▶ **Exercise objective**:
Please reproduce the listing verbatim, without its images.

▶ **Data below**:
|---|
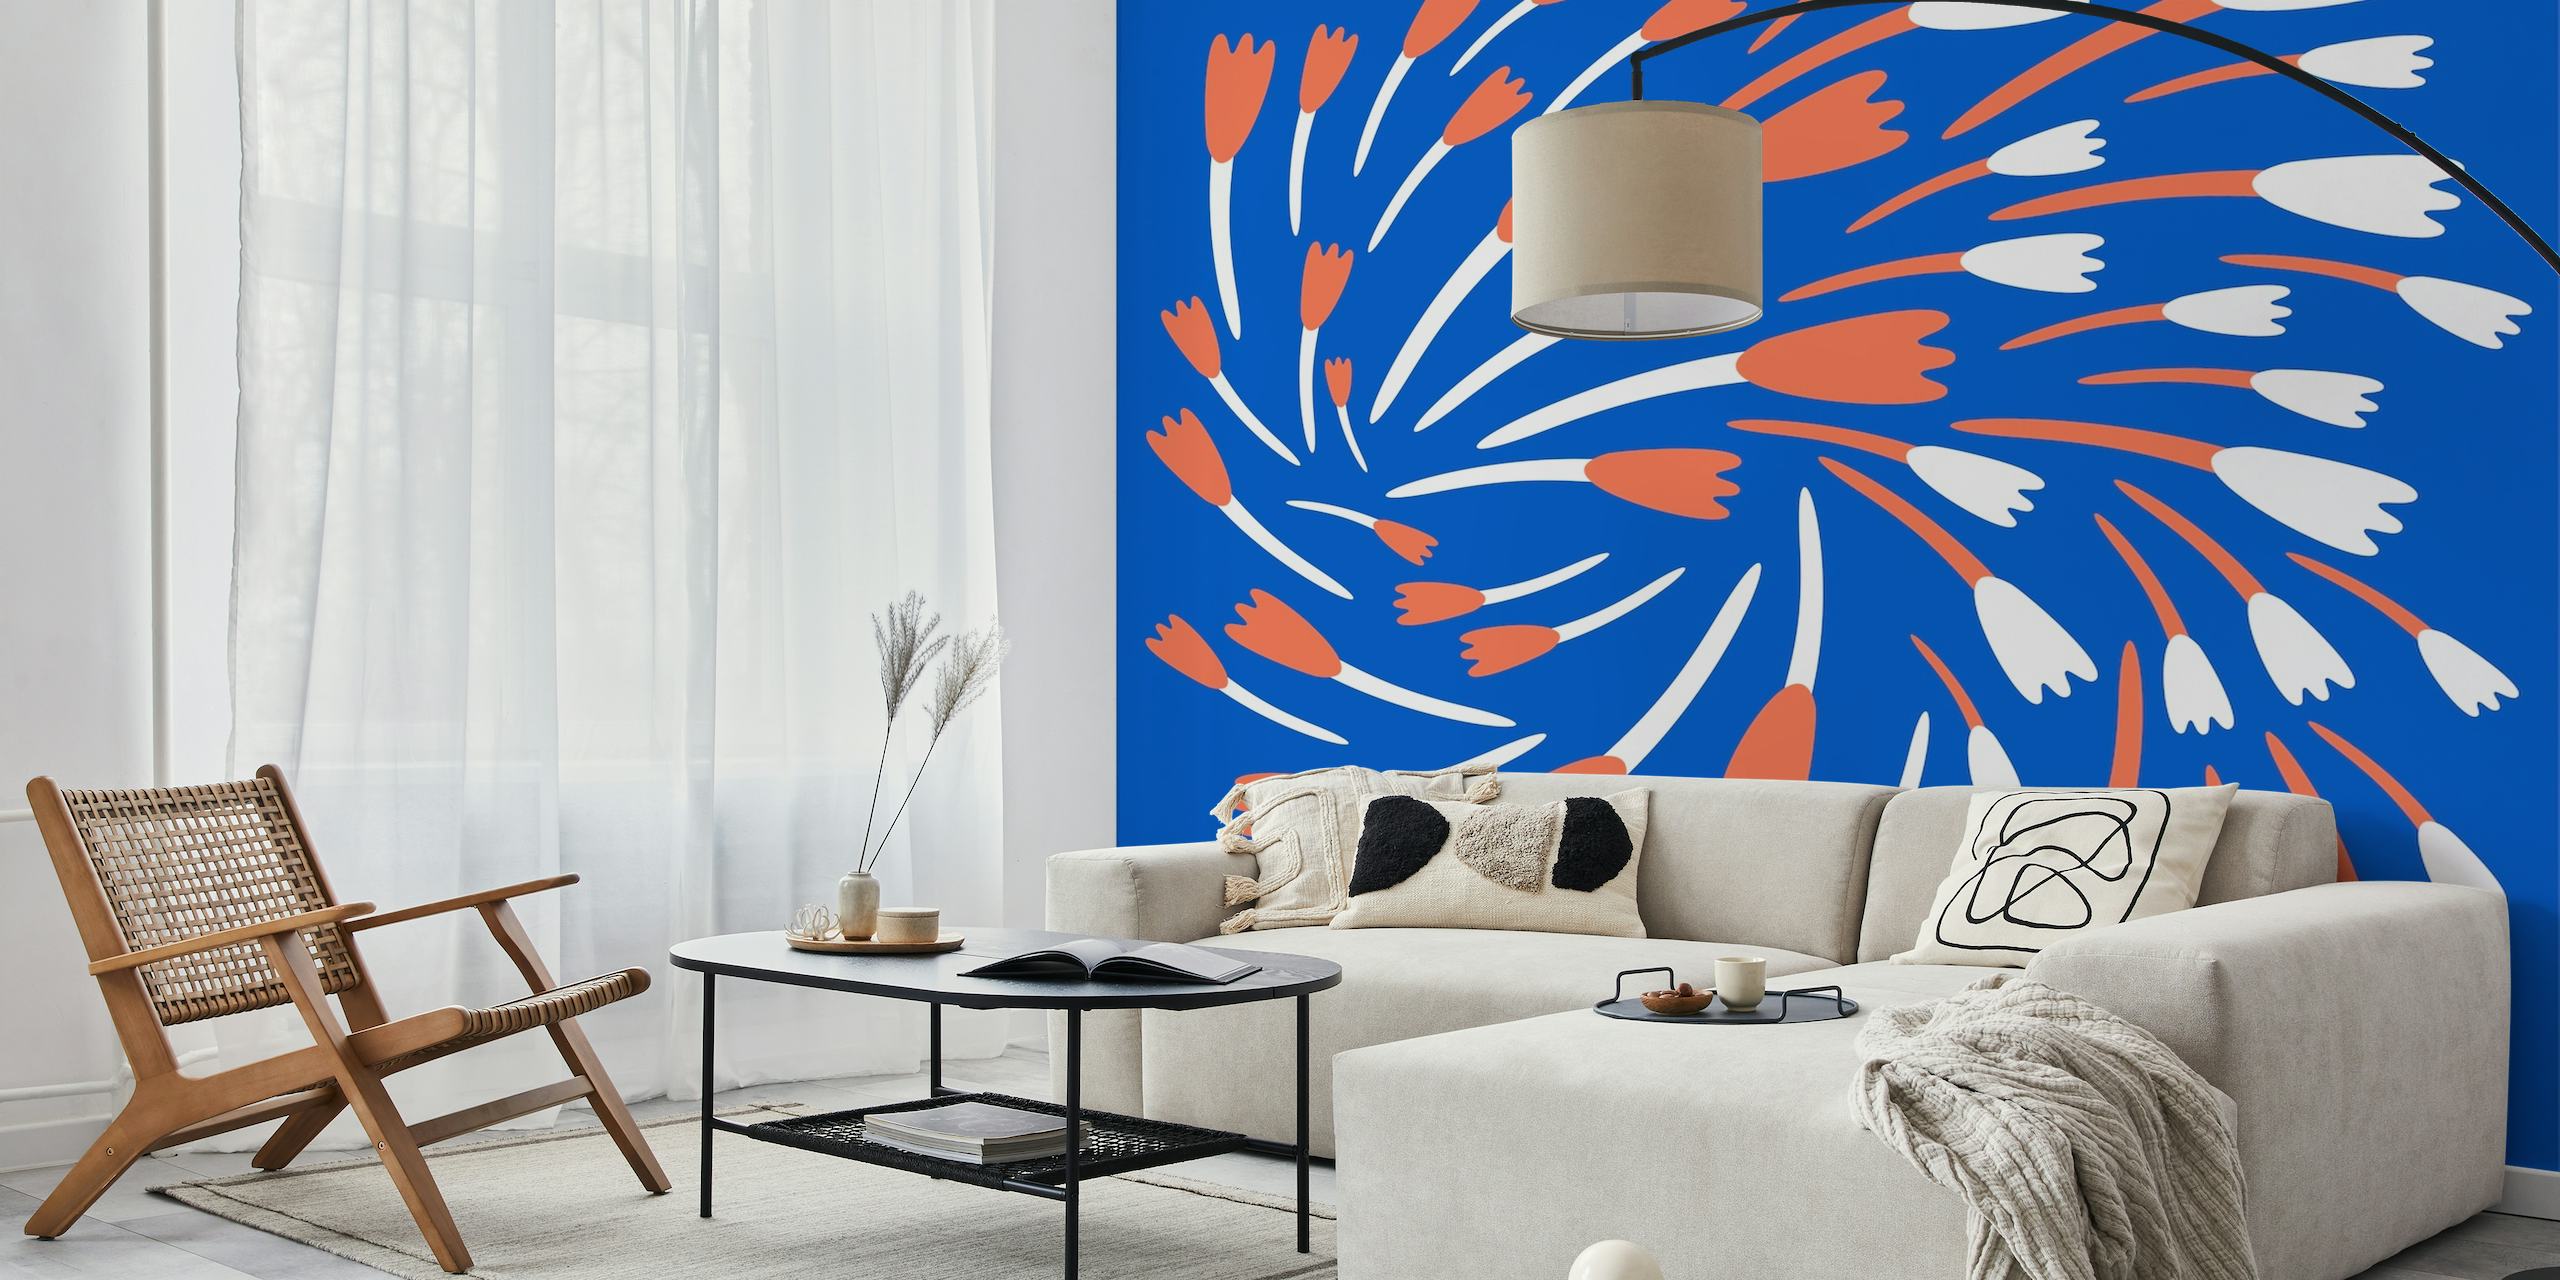 Floral Pattern in blue orange and white papel pintado
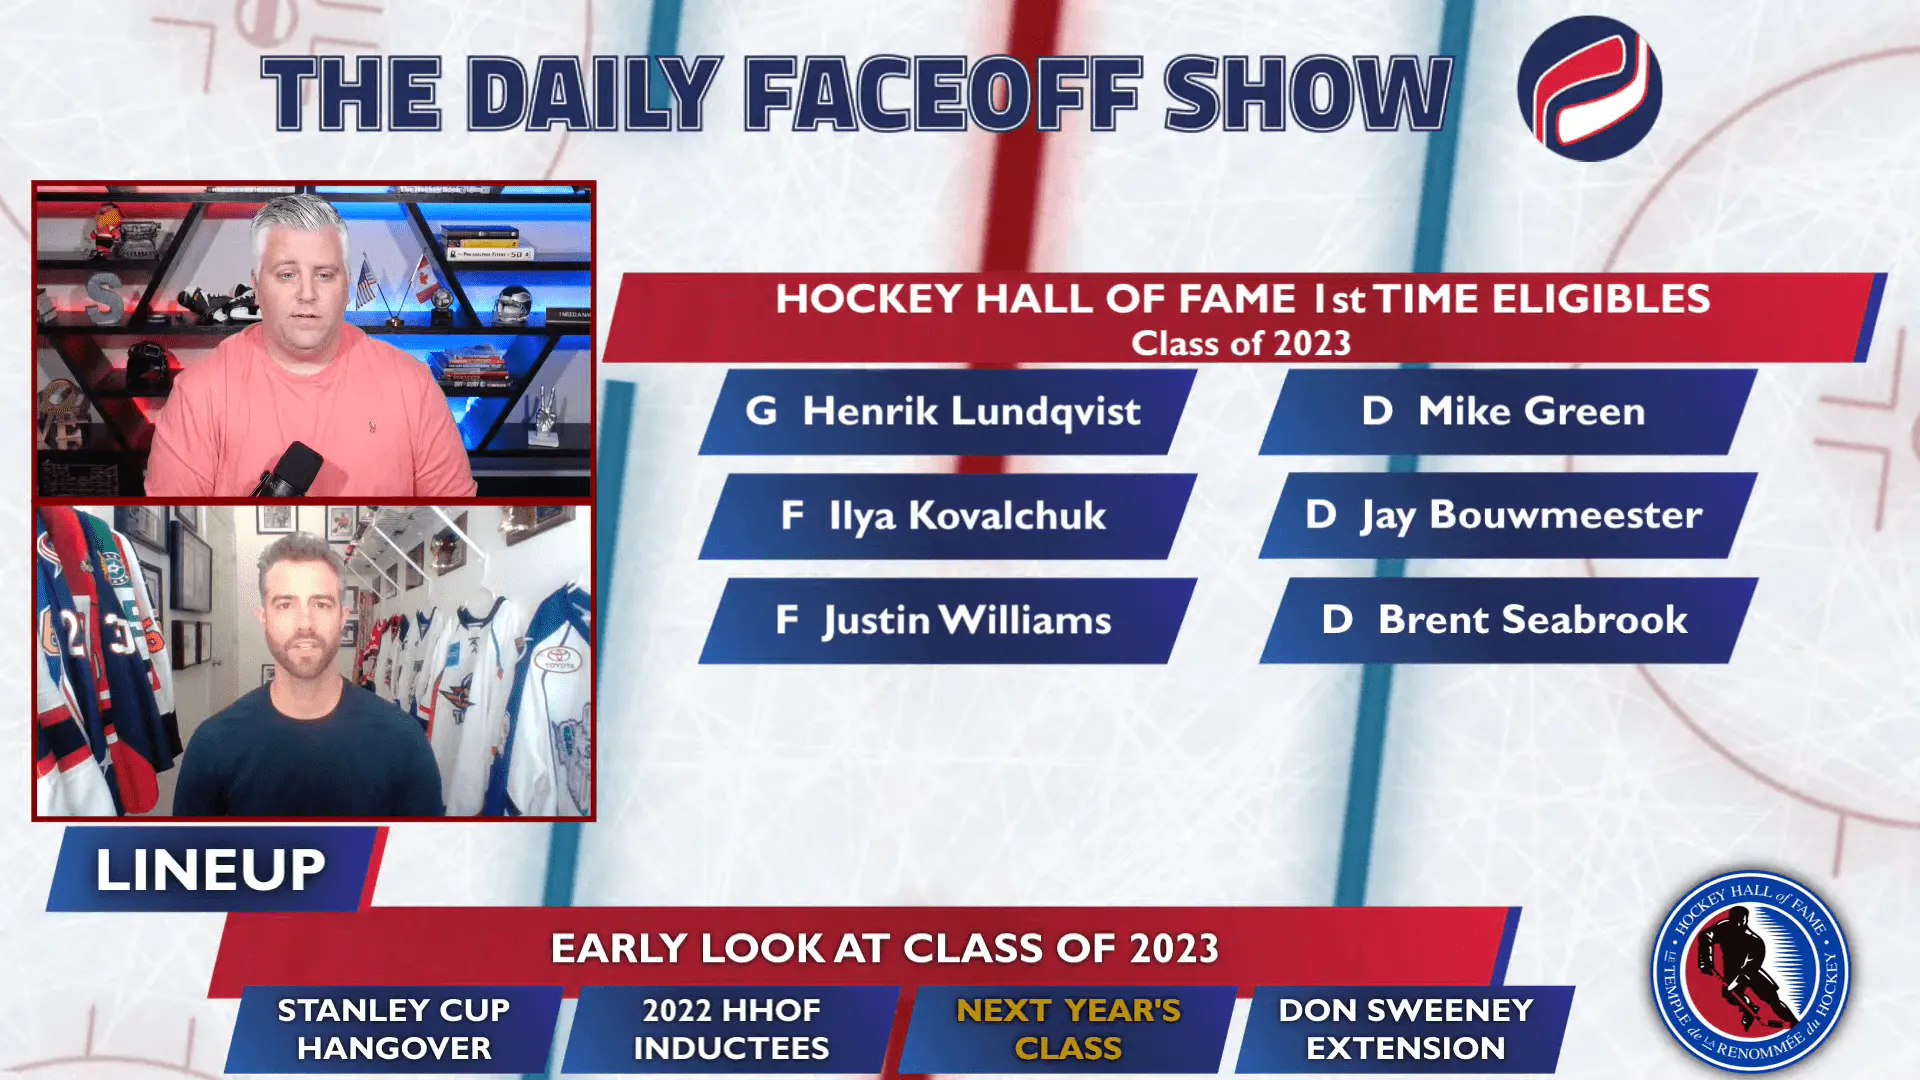 The Daily Faceoff Show: Henrik Lundqvist is a first ballot lock for 2023’s Hall of Fame class. Who else is?
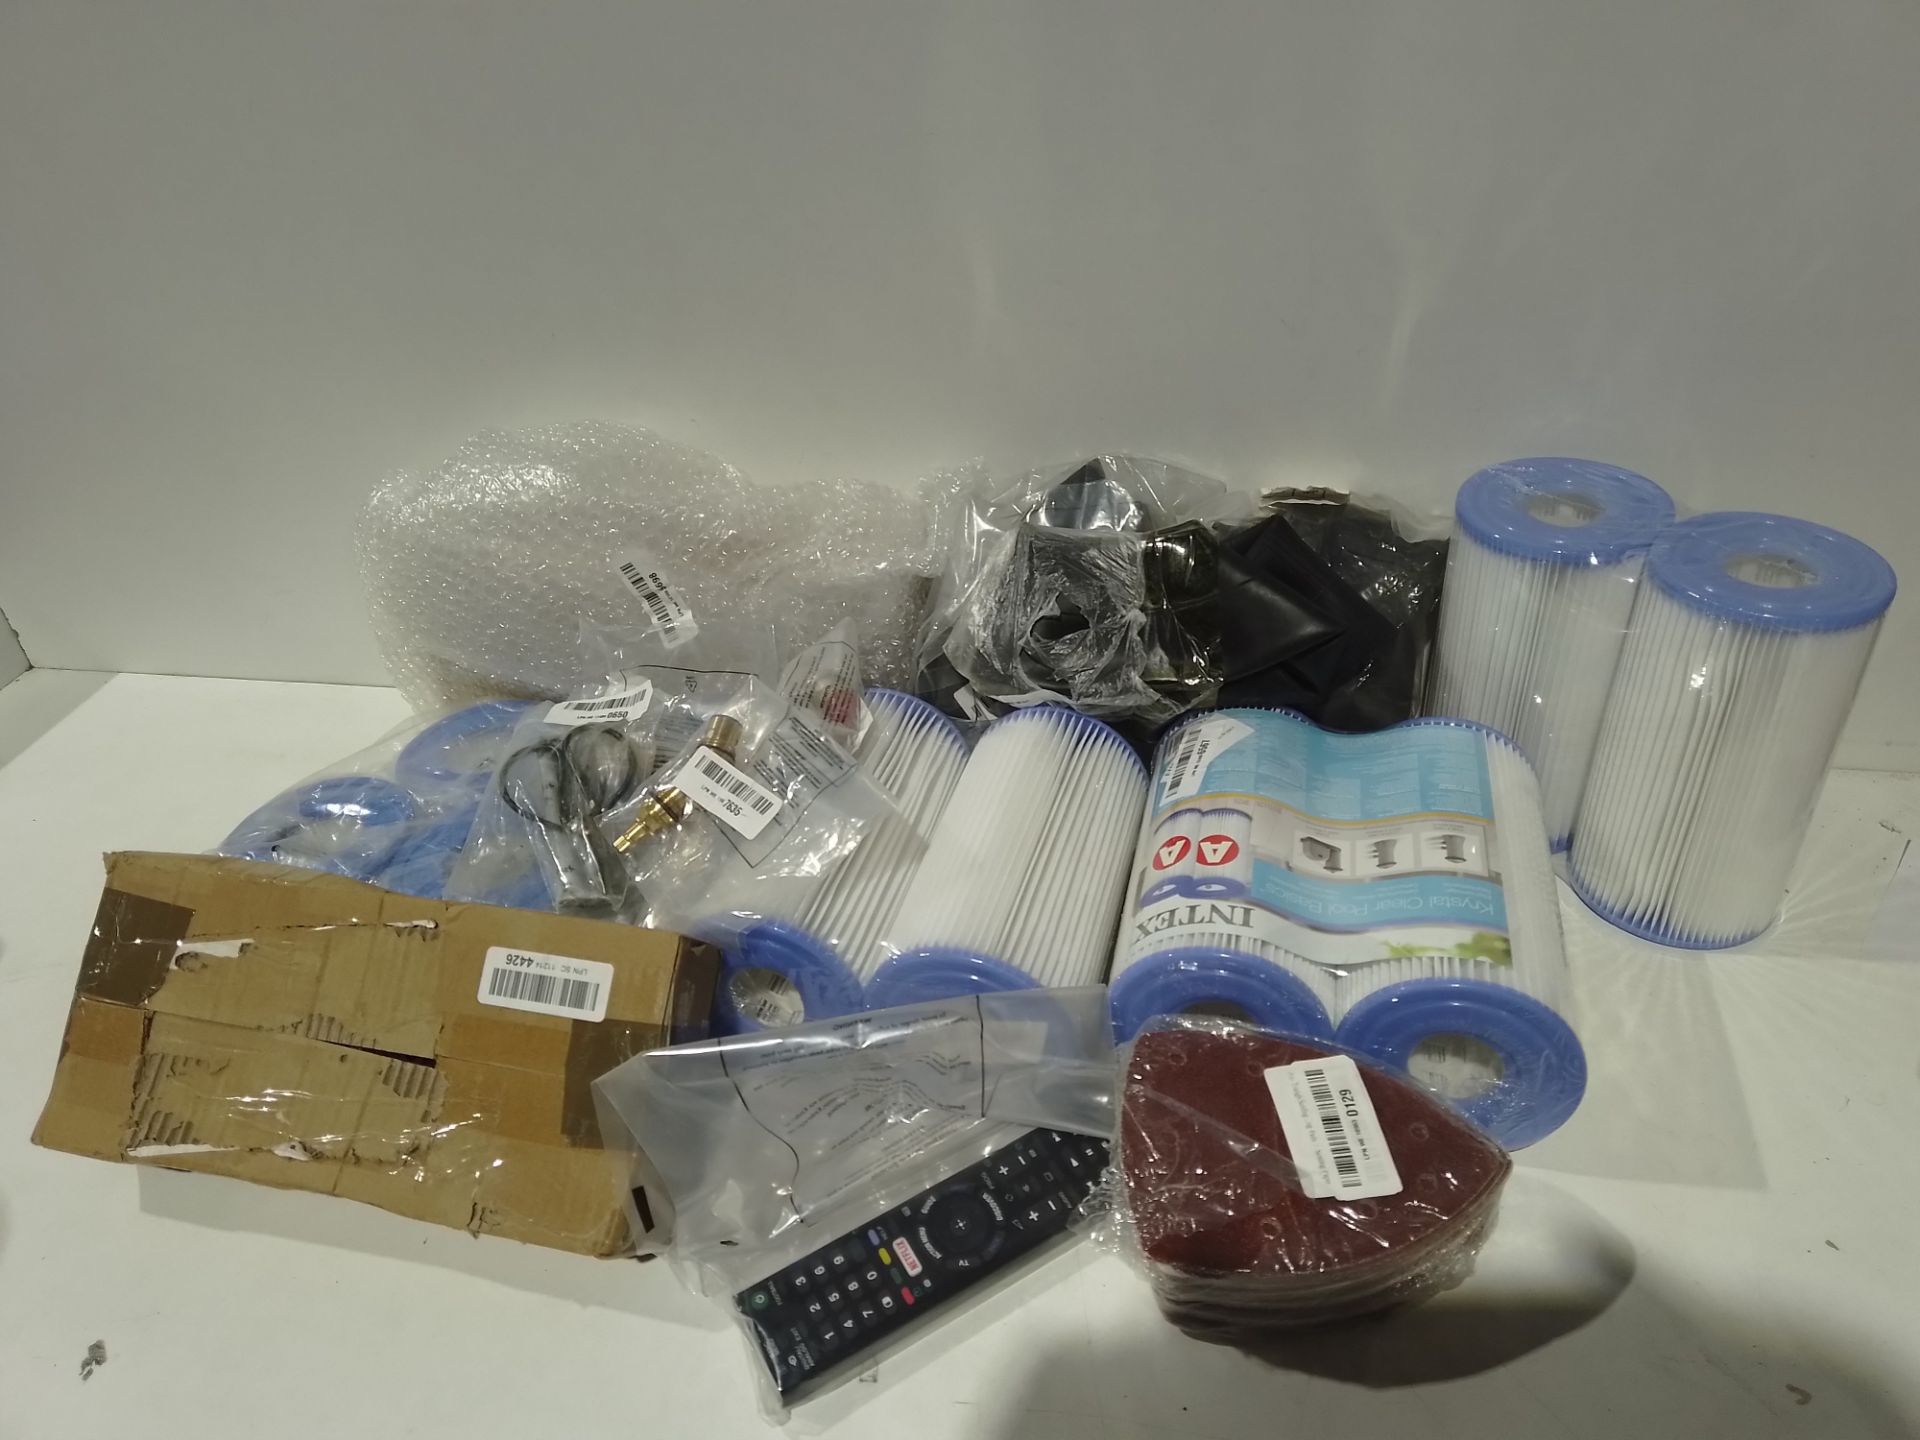 RRP £151.82 Total, Lot consisting of 16 items - See description. - Image 2 of 9
|---|
▶ **Problem solution**:
 Floral Pattern in blue orange and white papel pintado
 The Daily Faceoff Show: Henrik Lundqvist is a first ballot lock for 2023’s Hall of Fame class. Who else is?
 RRP £151.82 Total, Lot consisting of 16 items - See description. - Image 2 of 9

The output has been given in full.